== Segment start ==

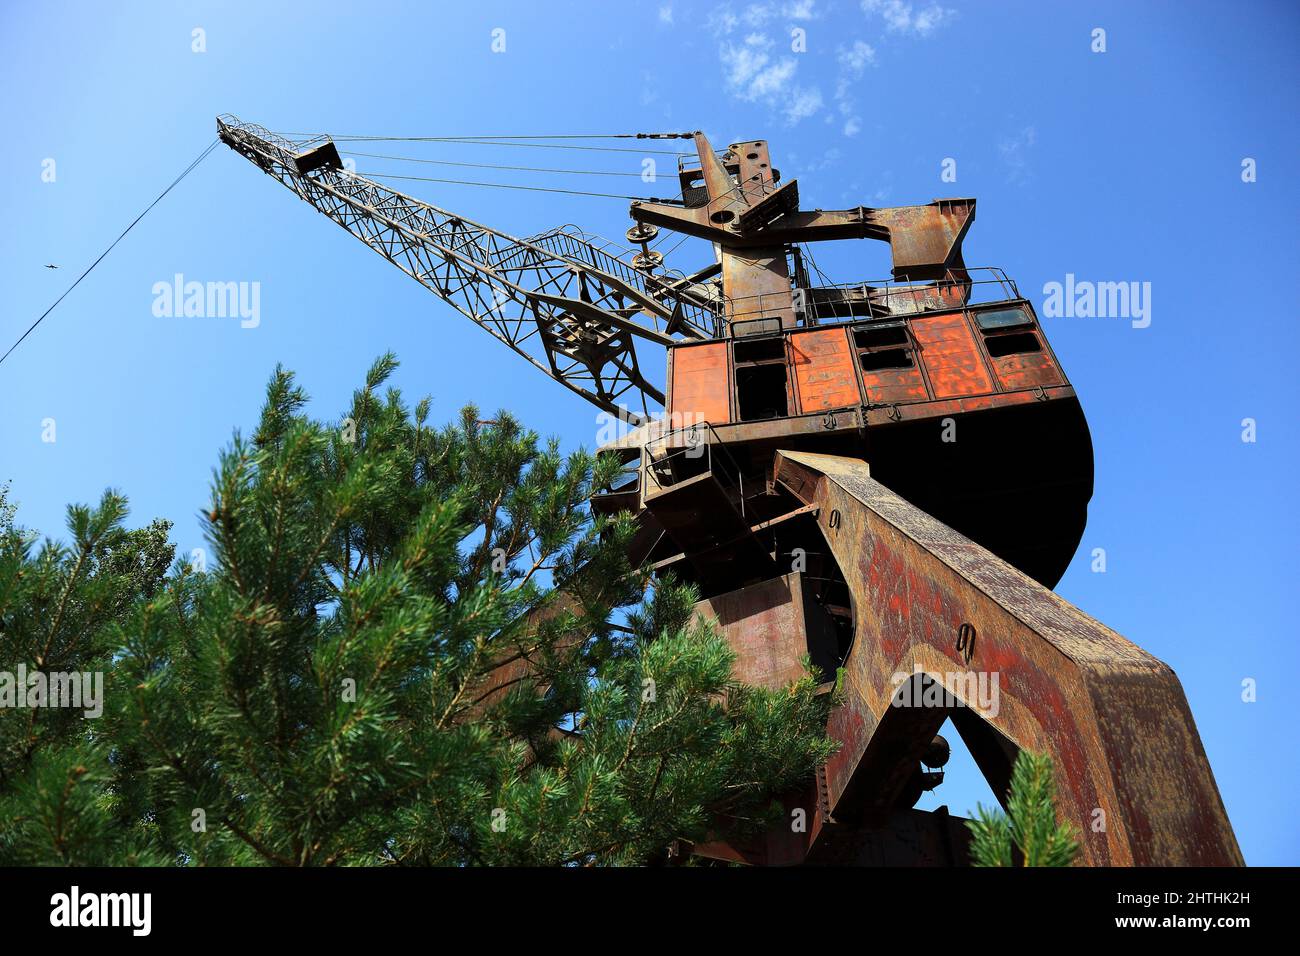 Ukraine, Sperrzone, Pripjat, in der unbewohnbaren 30-Kilometer-Zone um das Kraftwerk von Tschernobyl und der Arbeitersiedlung Pripjat, Kran am Schiffs Stock Photo
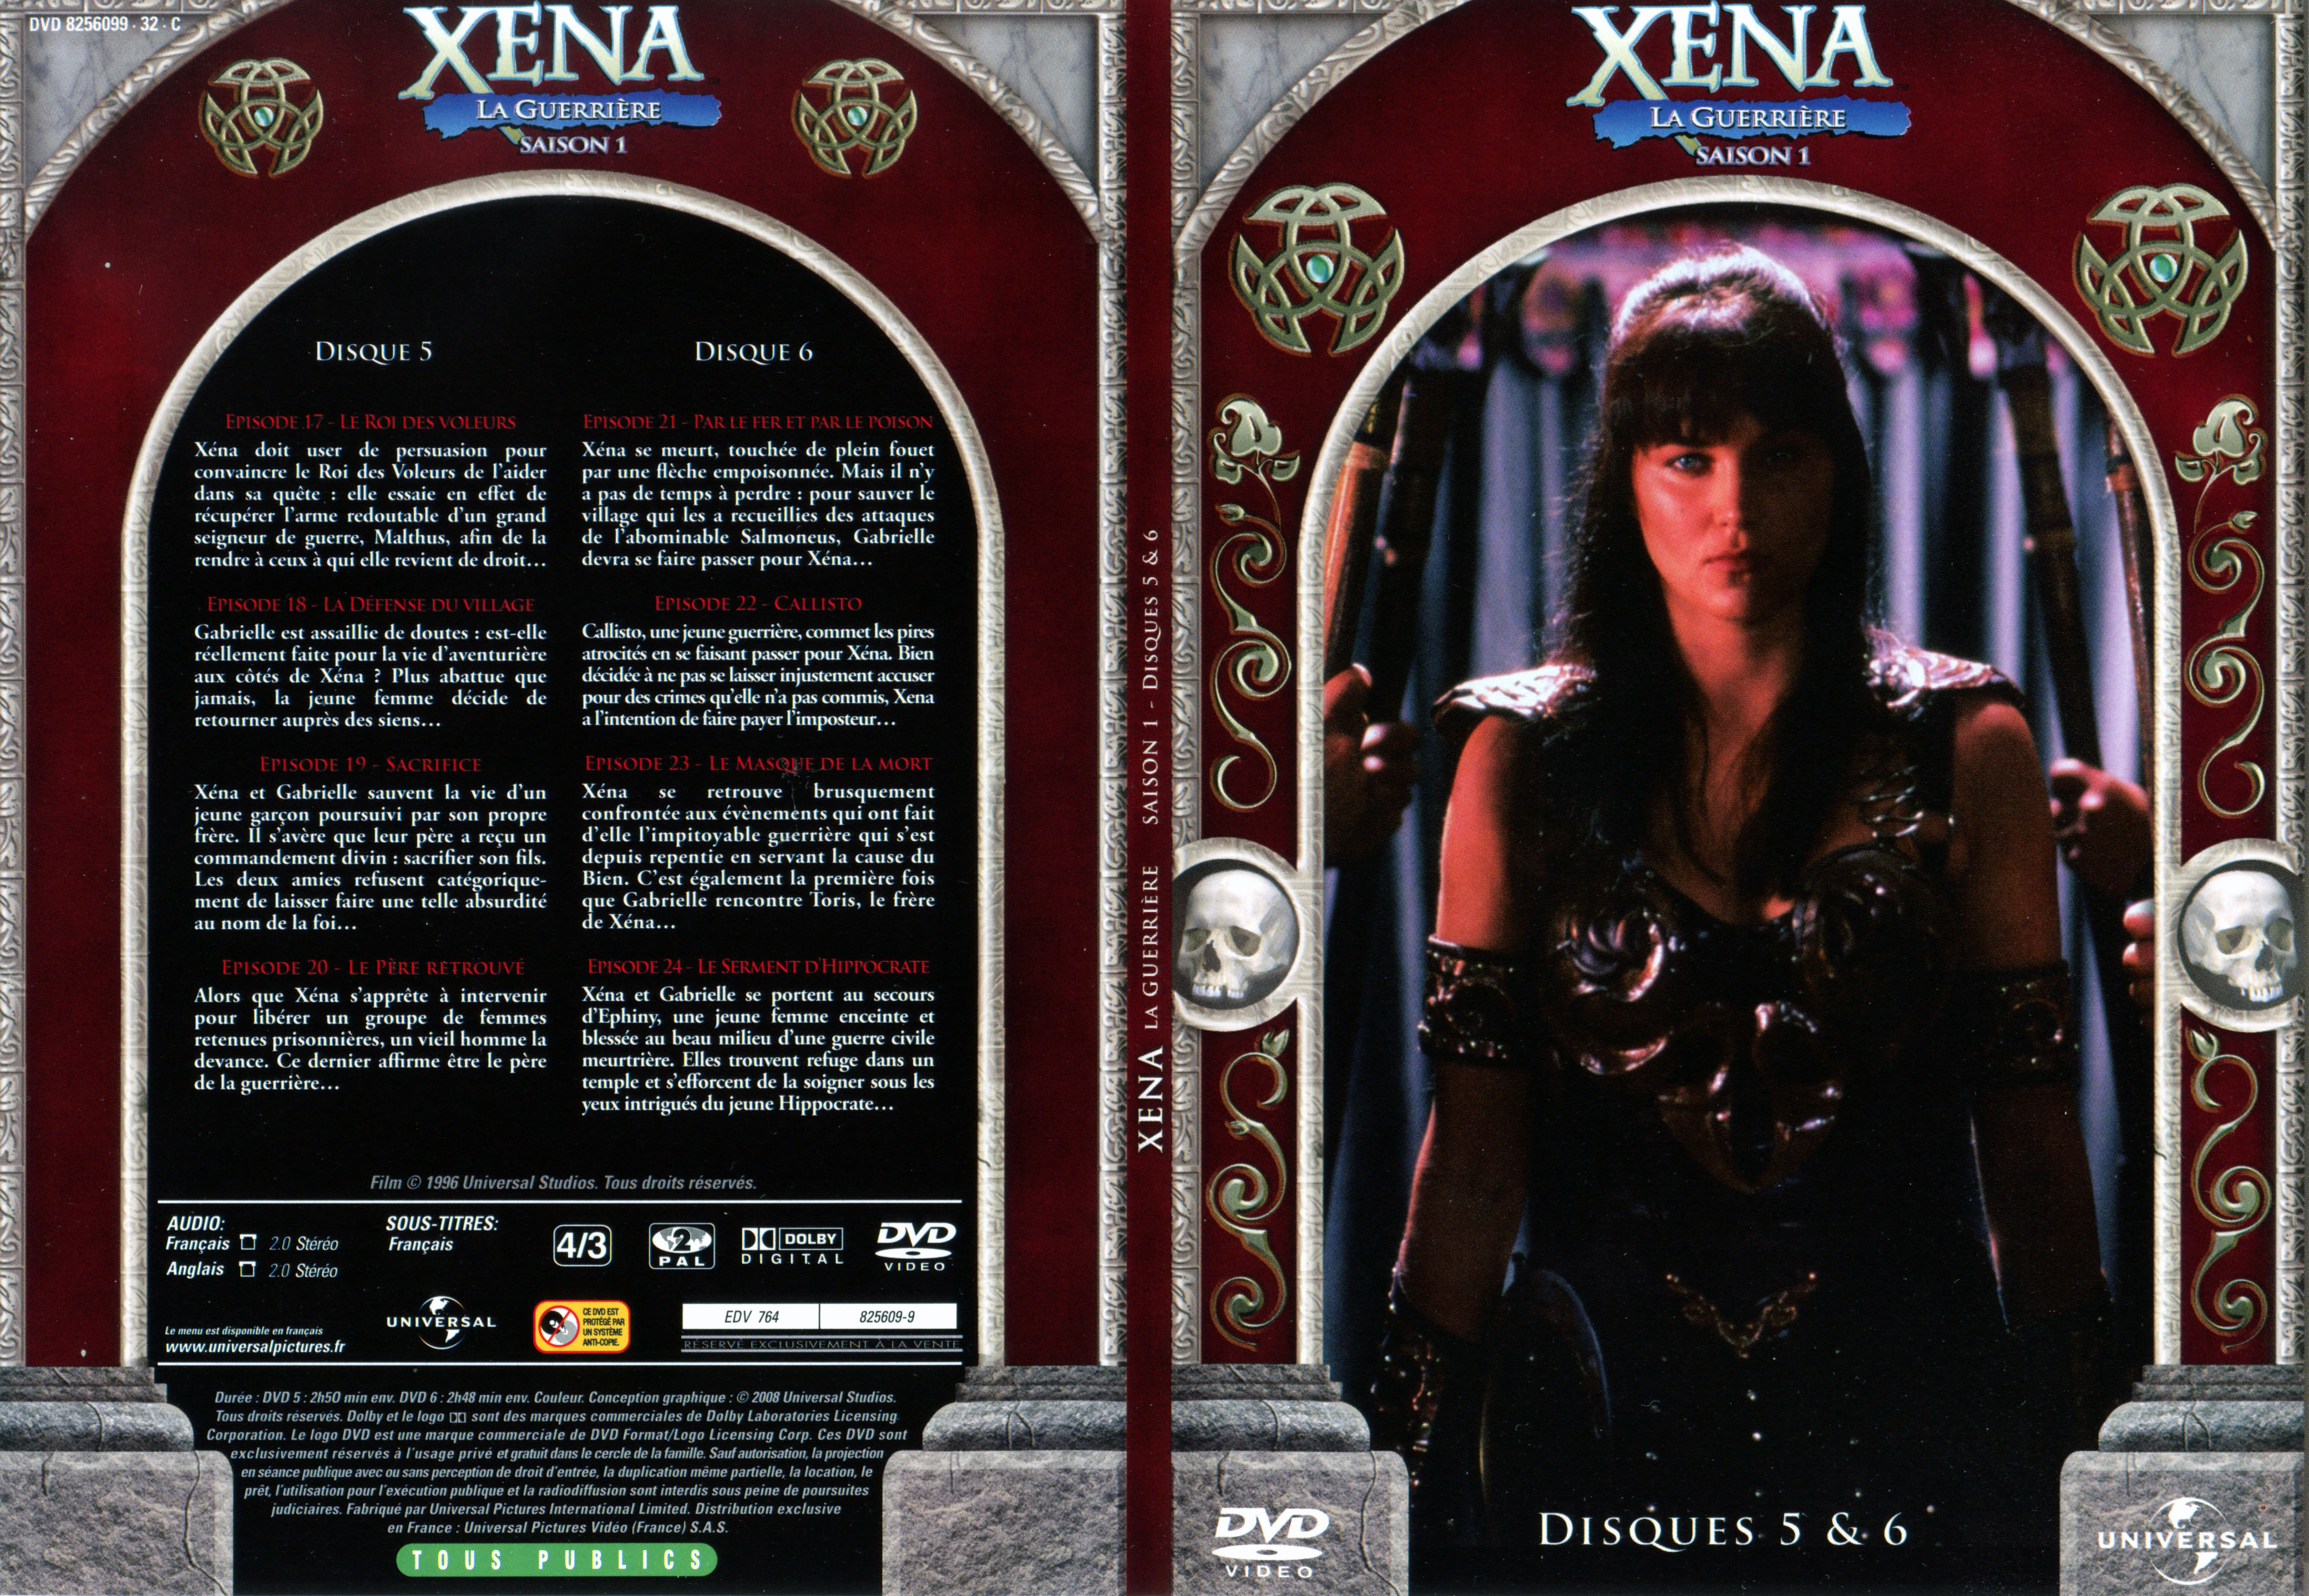 Jaquette DVD Xéna la guerrière Saison 1 DVD 3
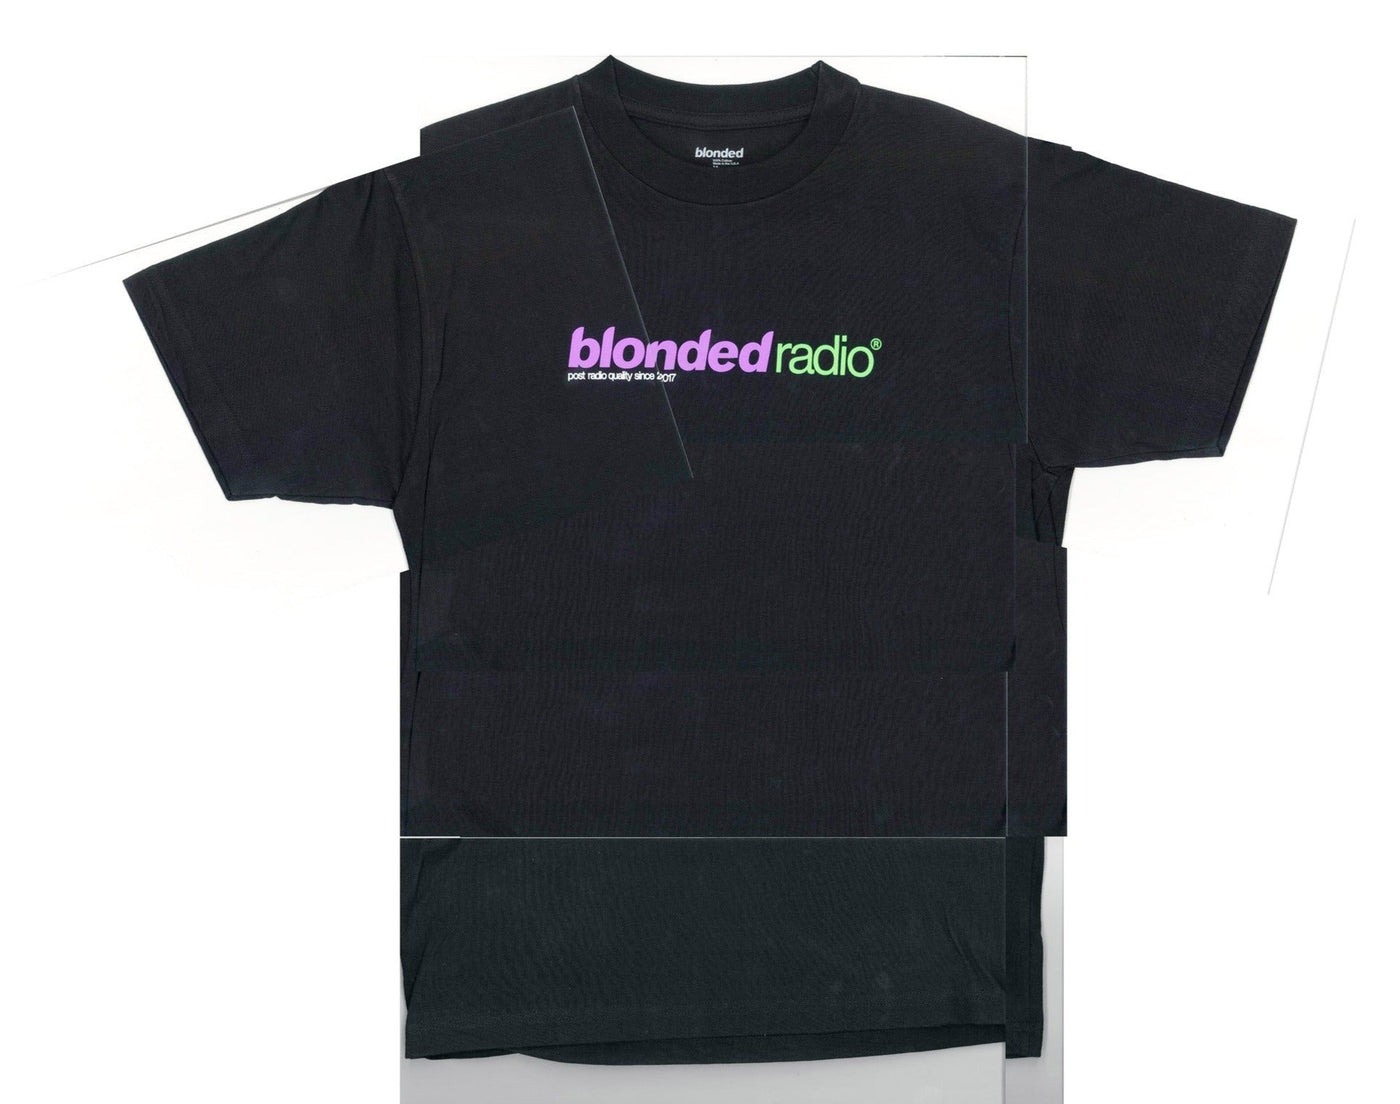 Frank Ocean Blonded Radio New Classic Logo T-shirt Black/Riddler ...

== Segment end ==

*THE PROBLEM*: Each line of the material goes into your copy unchanged, but no picture does.

*TASK ANSWER*:
 Ukraine, Sperrzone, Pripjat, in der unbewohnbaren 30-Kilometer-Zone um das Kraftwerk von Tschernobyl und der Arbeitersiedlung Pripjat, Kran am Schiffs Stock Photo
 Jaquette DVD Xéna la guerrière Saison 1 DVD 3
 Frank Ocean Blonded Radio New Classic Logo T-shirt Black/Riddler ...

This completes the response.